Dataset content:
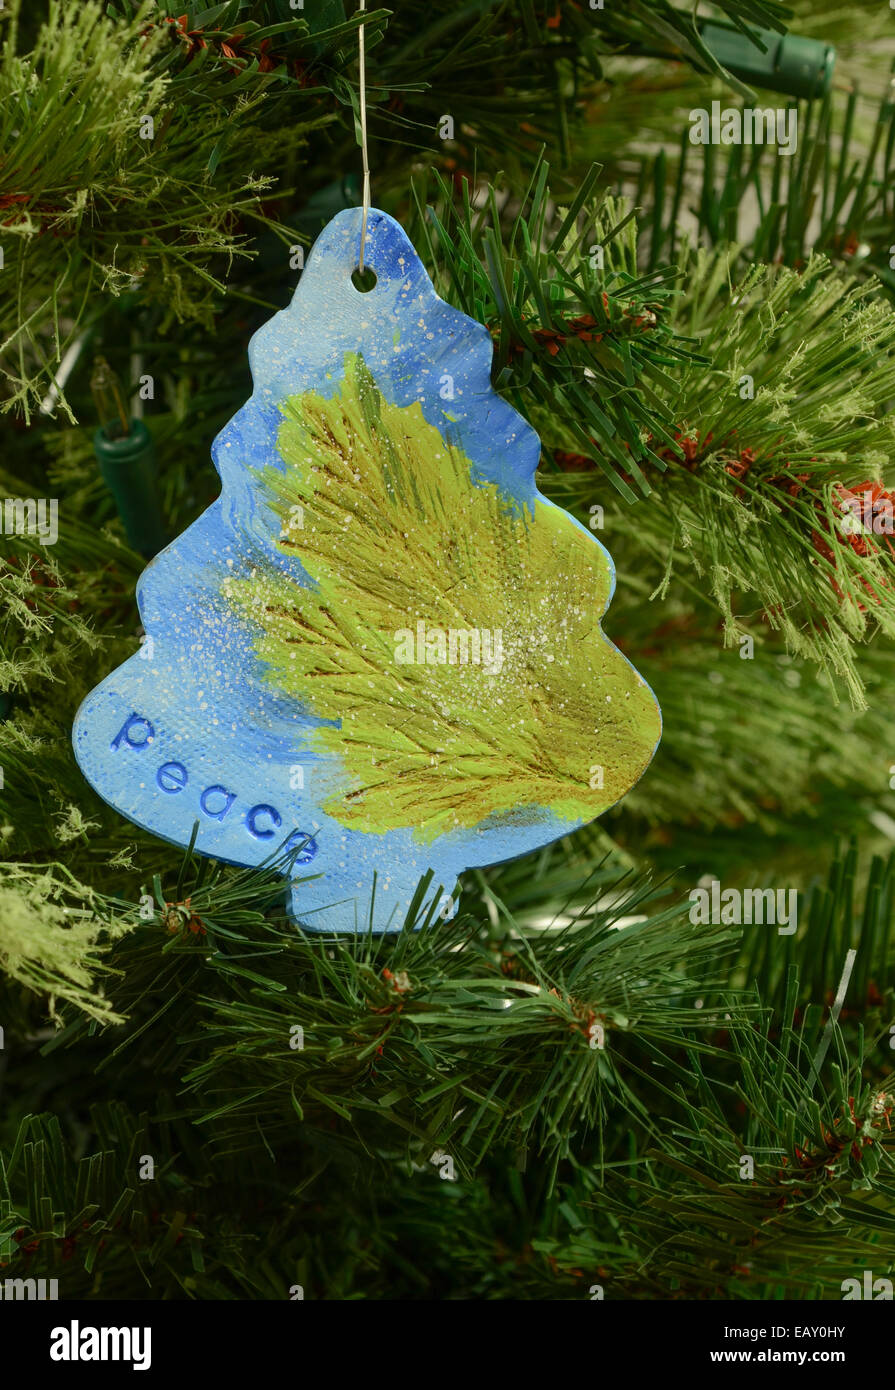 Eine handgefertigte Keramik Ornament in Form eines Weihnachtsbaumes mit einem grünen Ast, blauen Himmel und das Wort Frieden gemalt Stockfoto
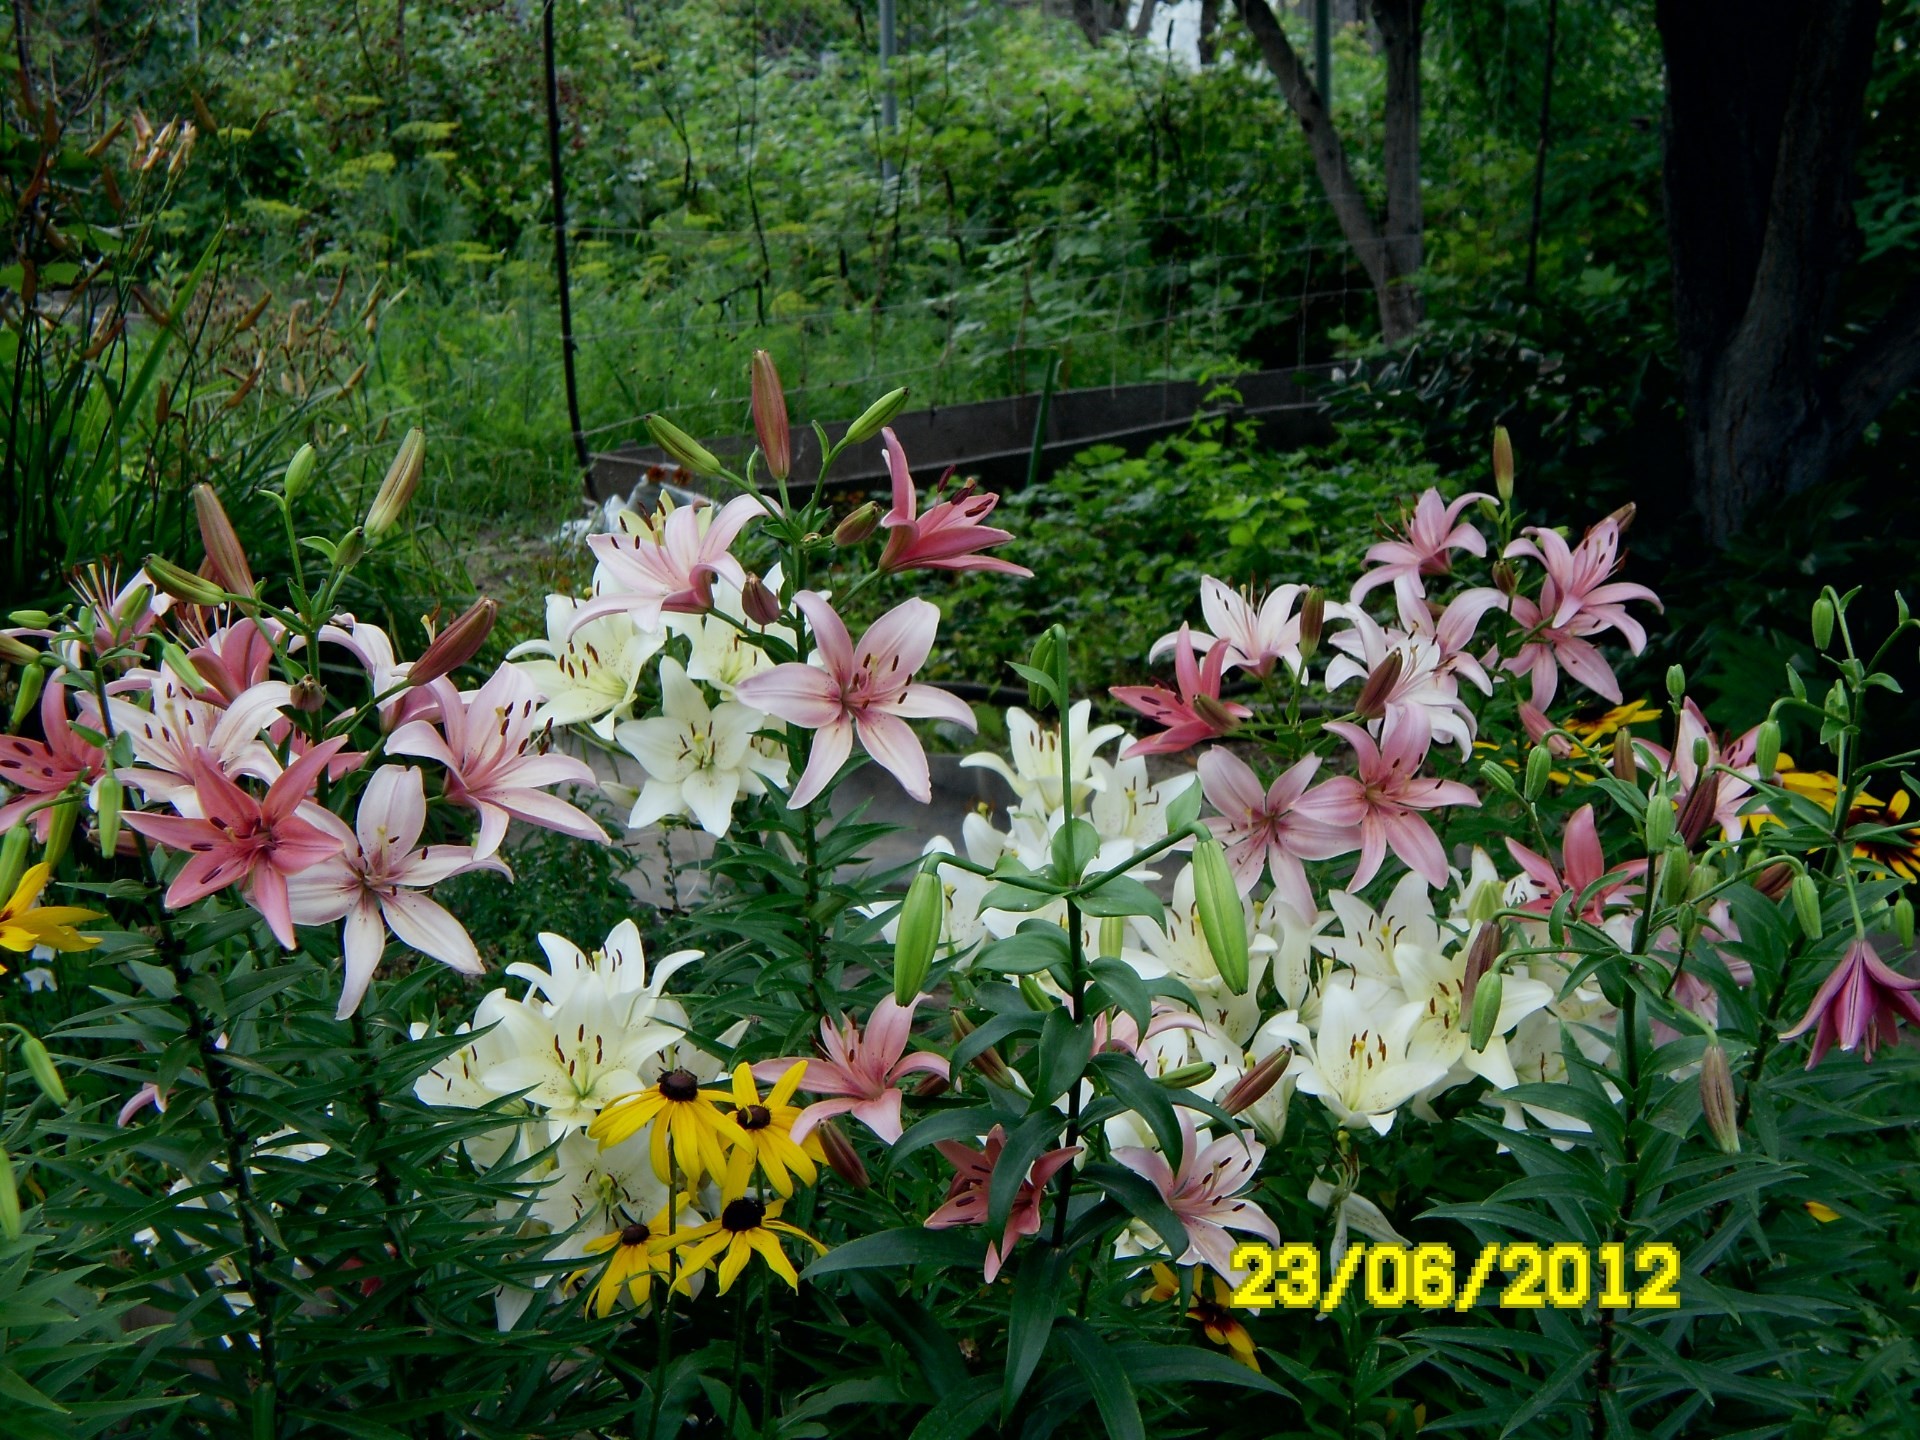 цветы цветок природа сад флора лето лист блюминг цветочные лепесток парк цвет сезон рост красивые ботанический яркий крупным планом
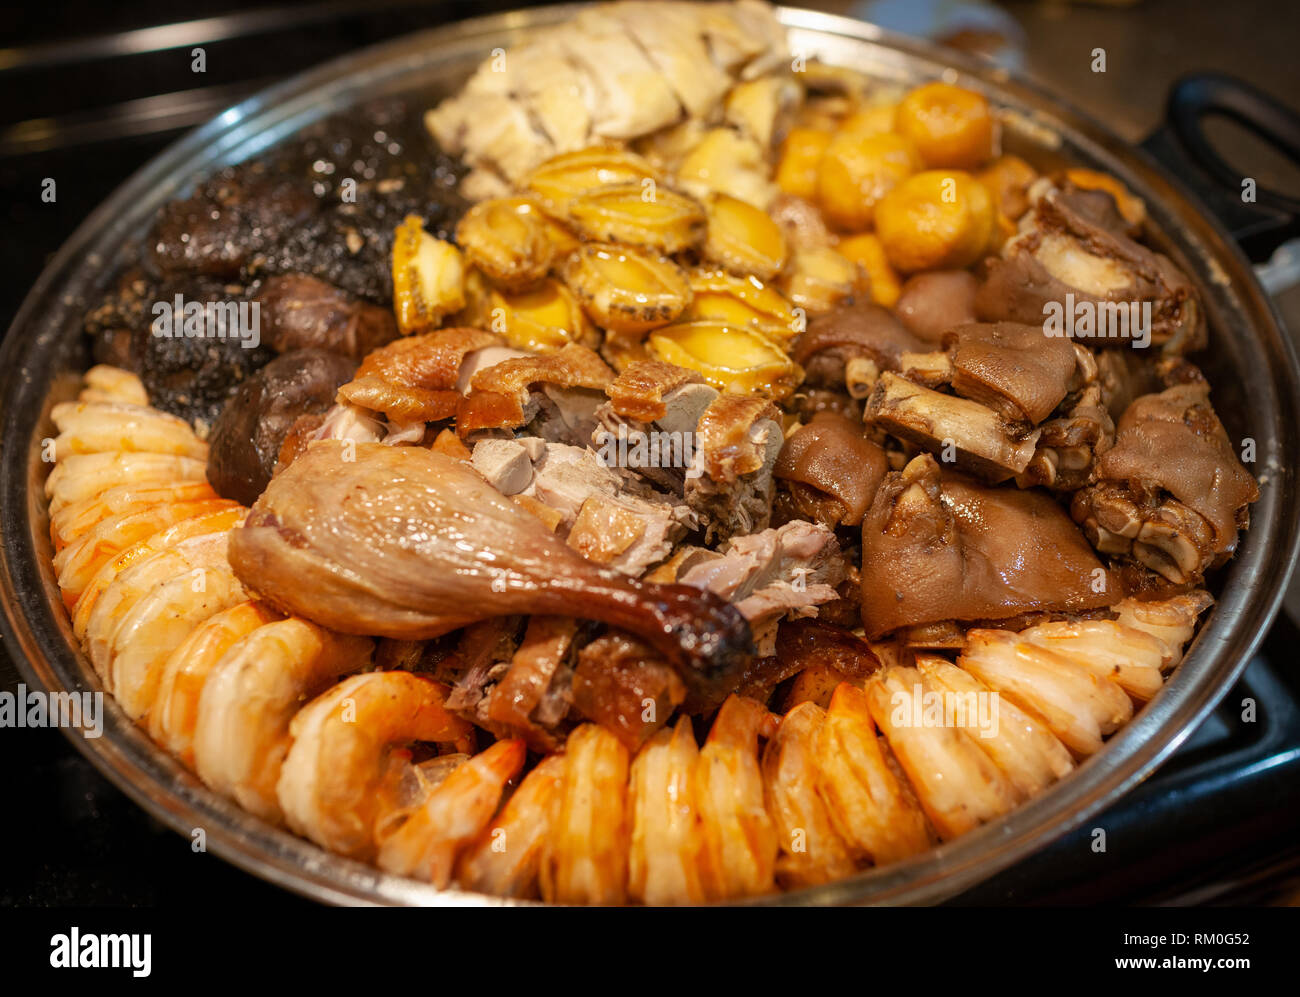 Une cuisine traditionnelle nouvelle année chinoise connue sous le nom de Poon Choi, traduit littéralement comme grand bol, fête de la cuisine du bassin ou chinois en casserole. Originaire de député Banque D'Images

Problem details: Give again, word for word, only the lines that run from the top of the data above through the line with "цветы цветок природа". Drop the pictures.

Task answer:
 Eine handgefertigte Keramik Ornament in Form eines Weihnachtsbaumes mit einem grünen Ast, blauen Himmel und das Wort Frieden gemalt Stockfoto
 цветы цветок природа сад флора лето лист блюминг цветочные лепесток парк цвет сезон рост красивые ботанический яркий крупным планом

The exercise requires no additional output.